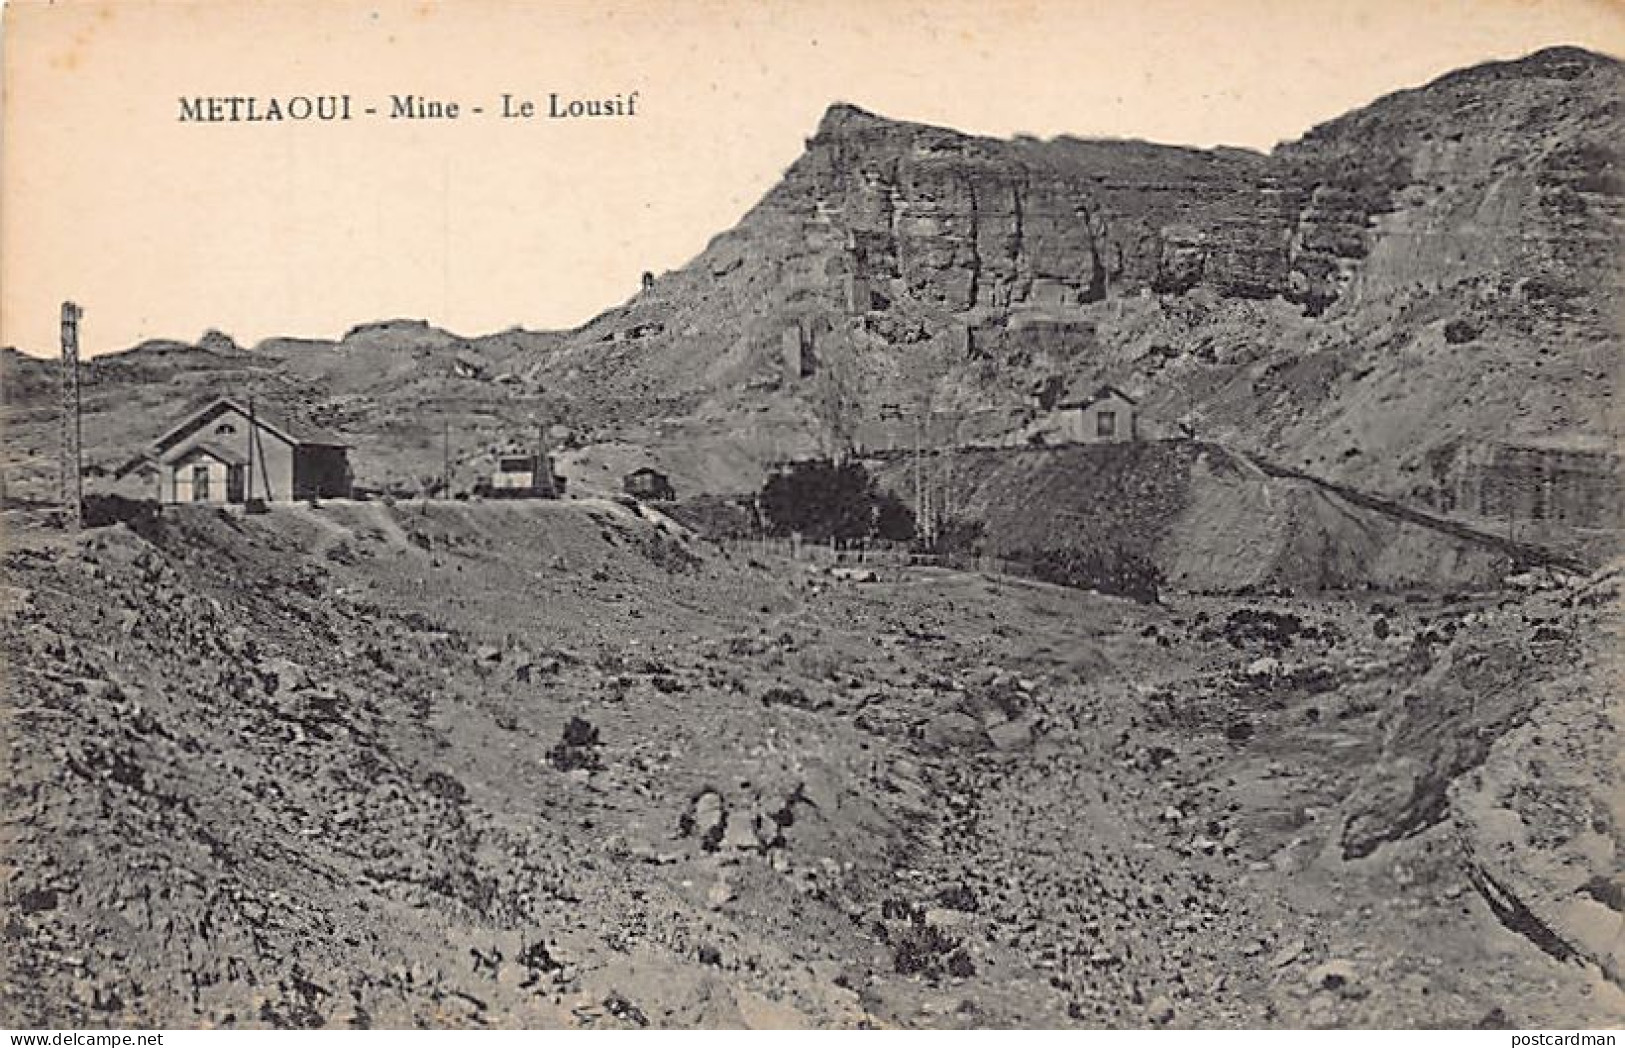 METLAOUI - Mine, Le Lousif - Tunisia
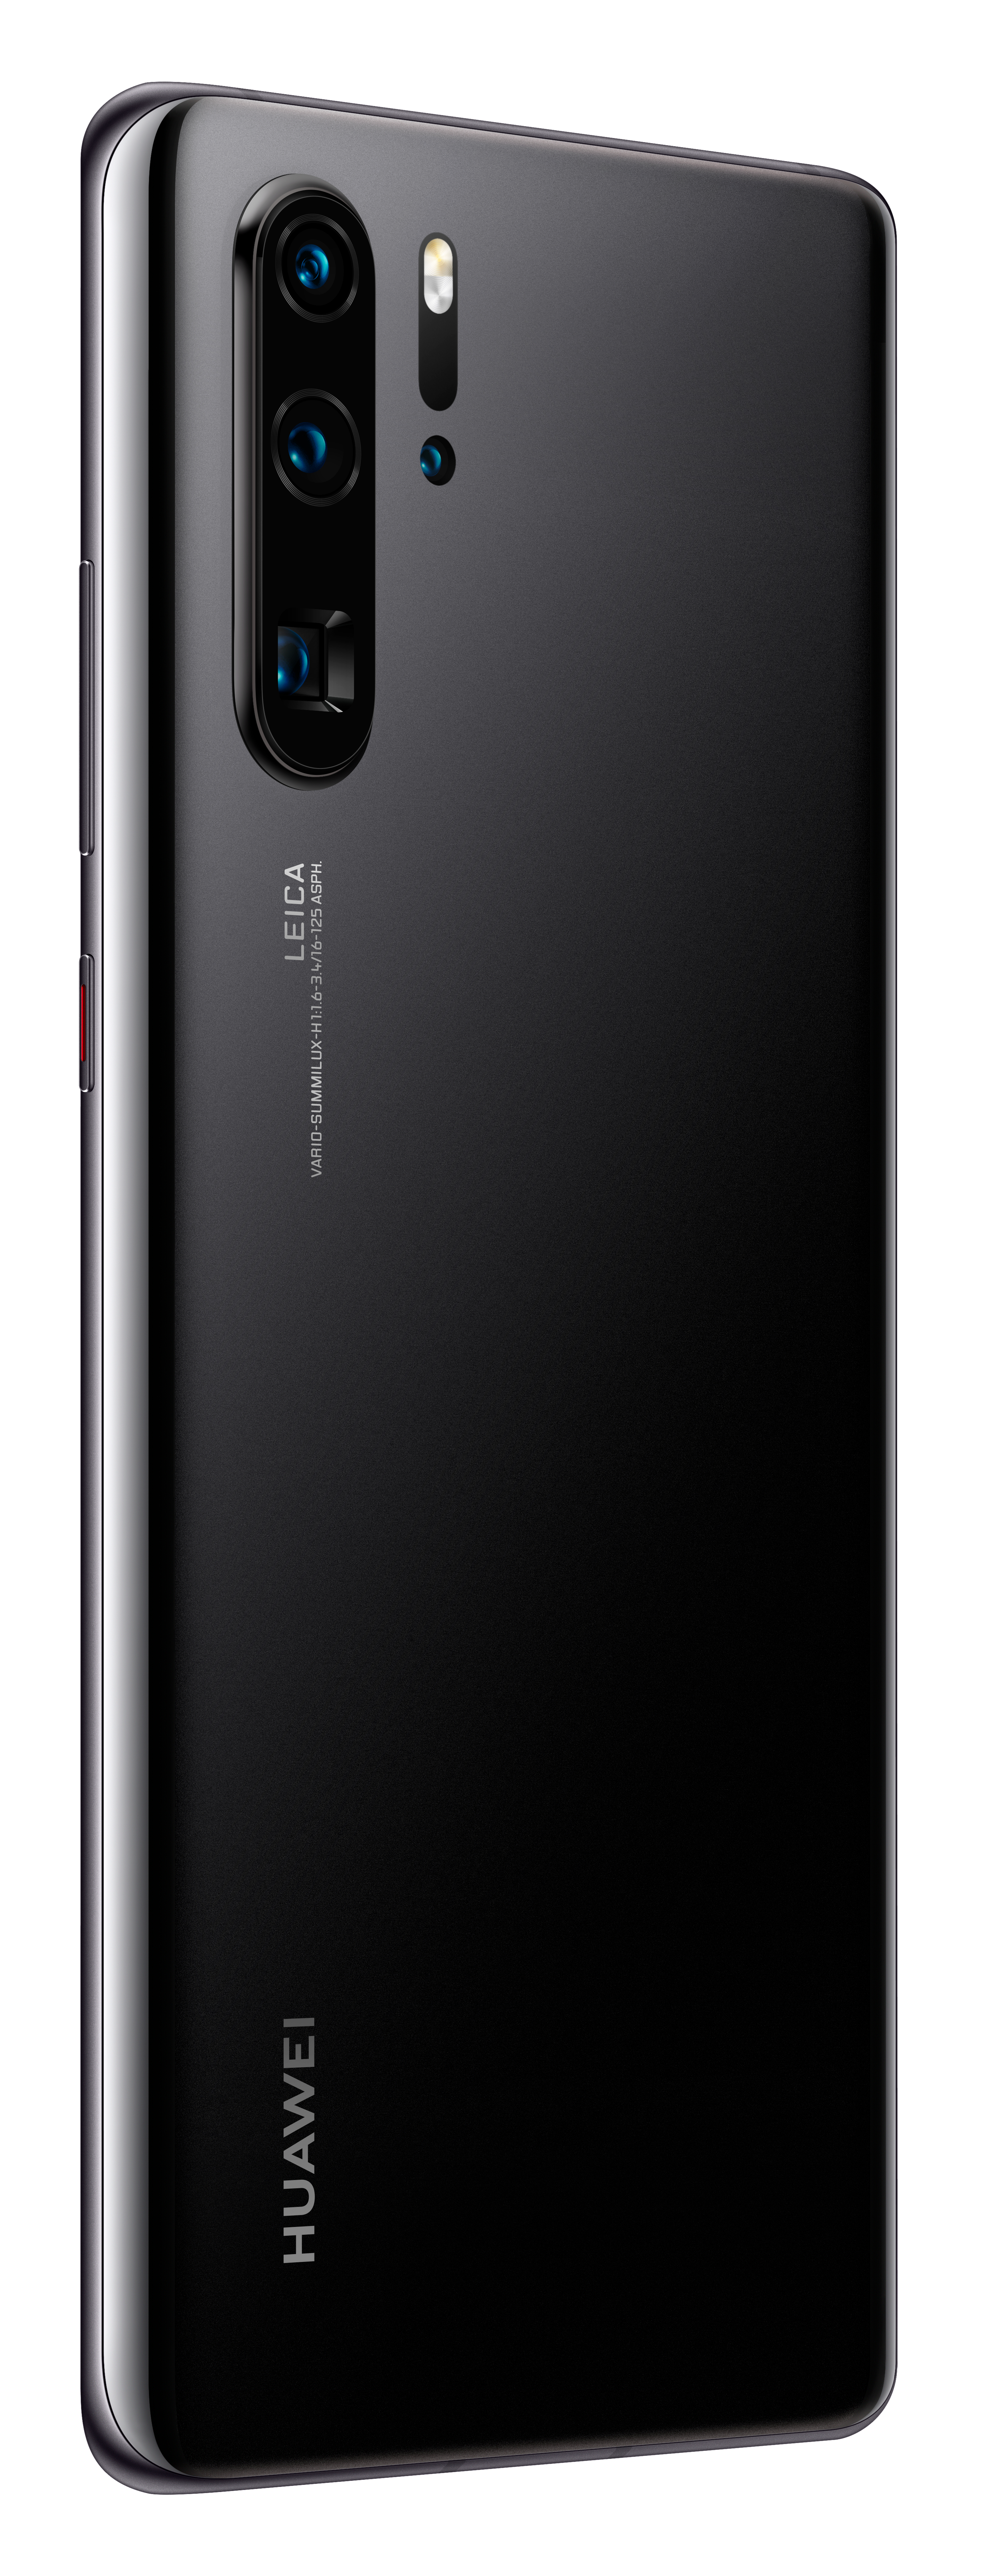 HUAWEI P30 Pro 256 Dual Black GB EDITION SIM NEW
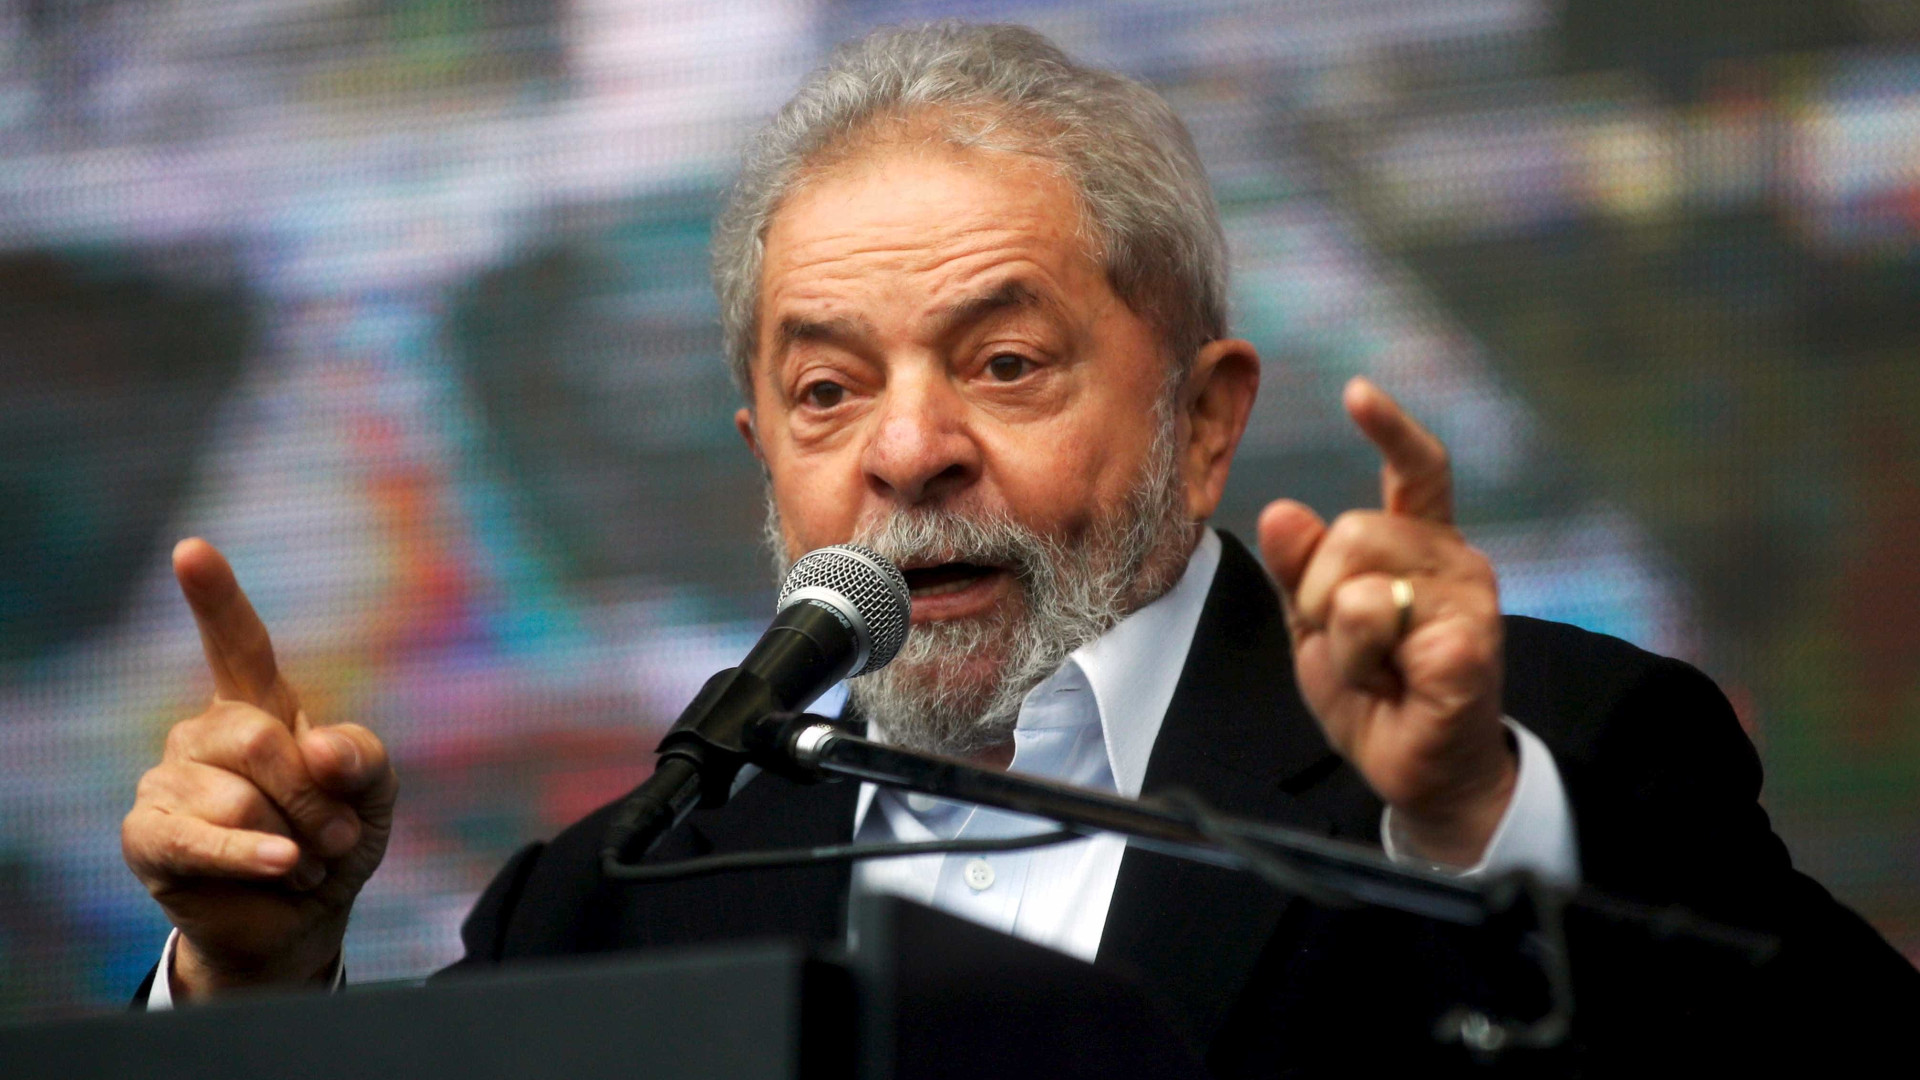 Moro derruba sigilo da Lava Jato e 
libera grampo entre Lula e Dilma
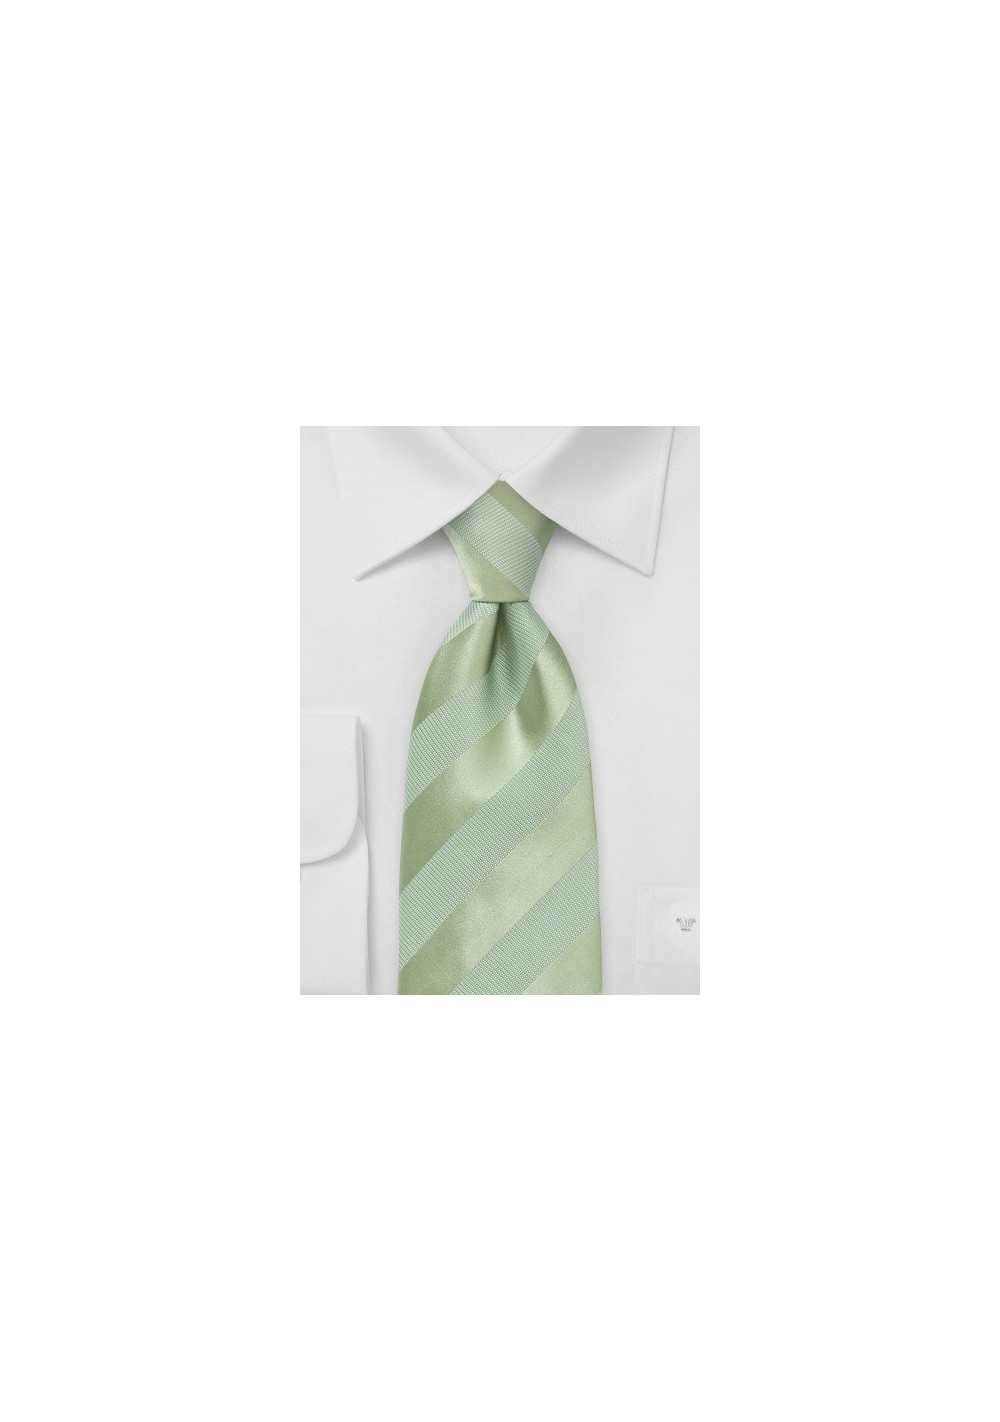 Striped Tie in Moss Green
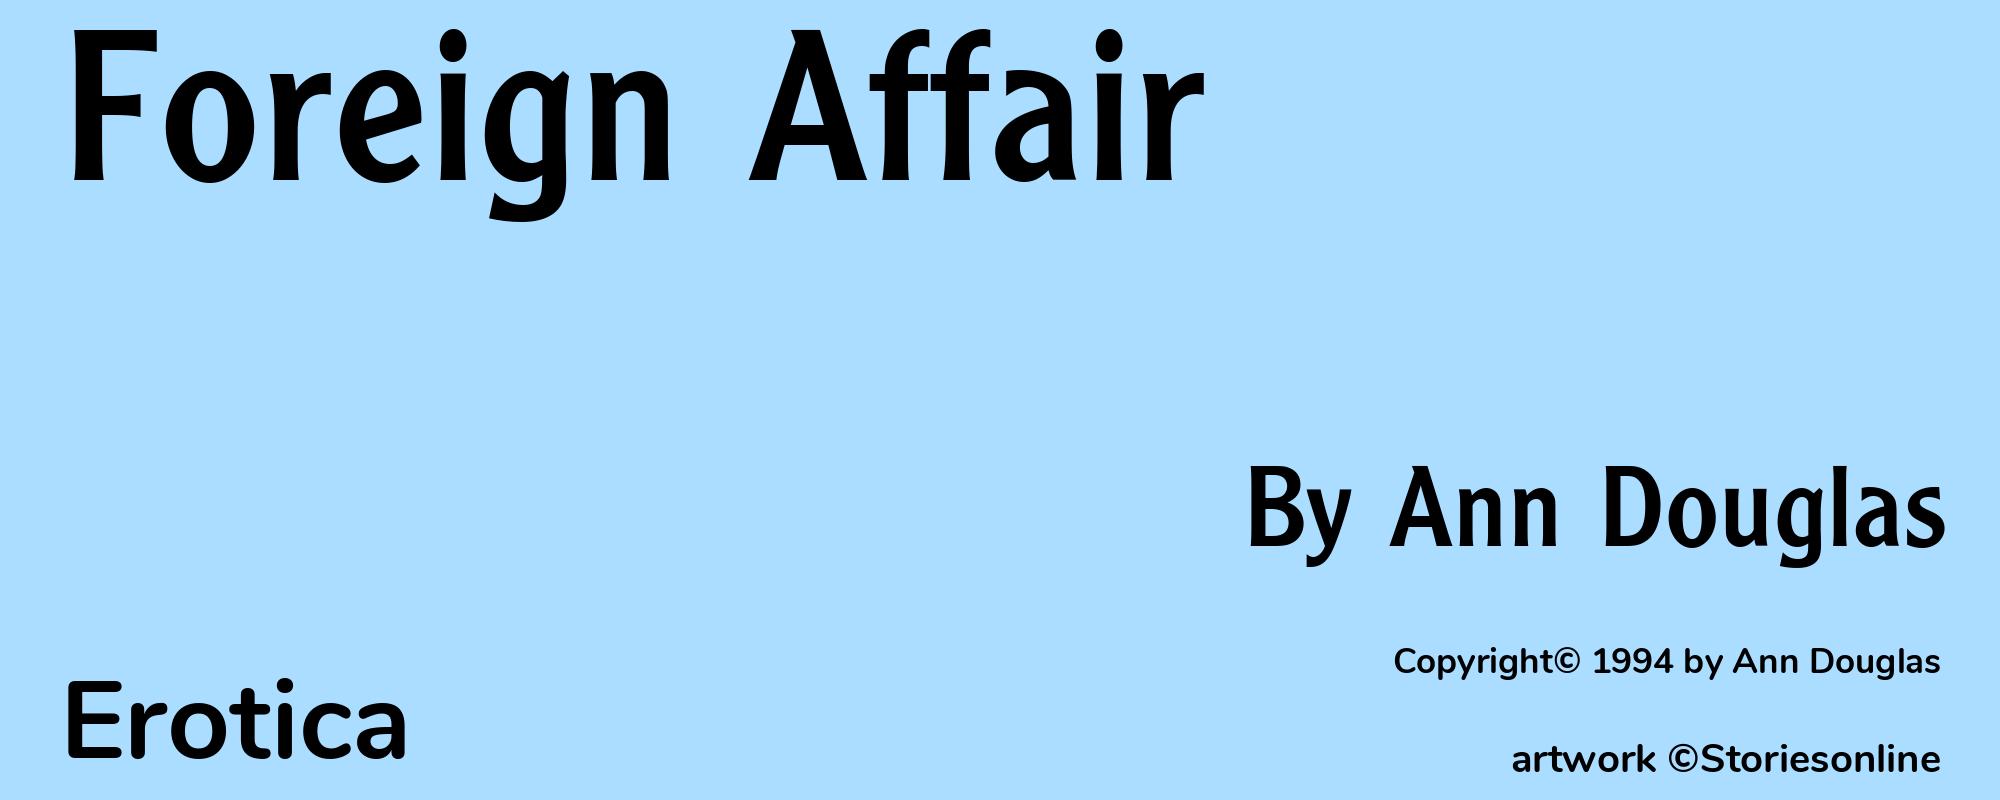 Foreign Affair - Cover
• • • • •
— Task item —
From the line with "libera grampo entre Lula e Dilma" to the last line of the material, both inclusive, set down every line exactly and nothing else; omit pictures.

— Solution to this problem —
libera grampo entre Lula e Dilma
 Striped Tie in Moss Green
 Foreign Affair - Cover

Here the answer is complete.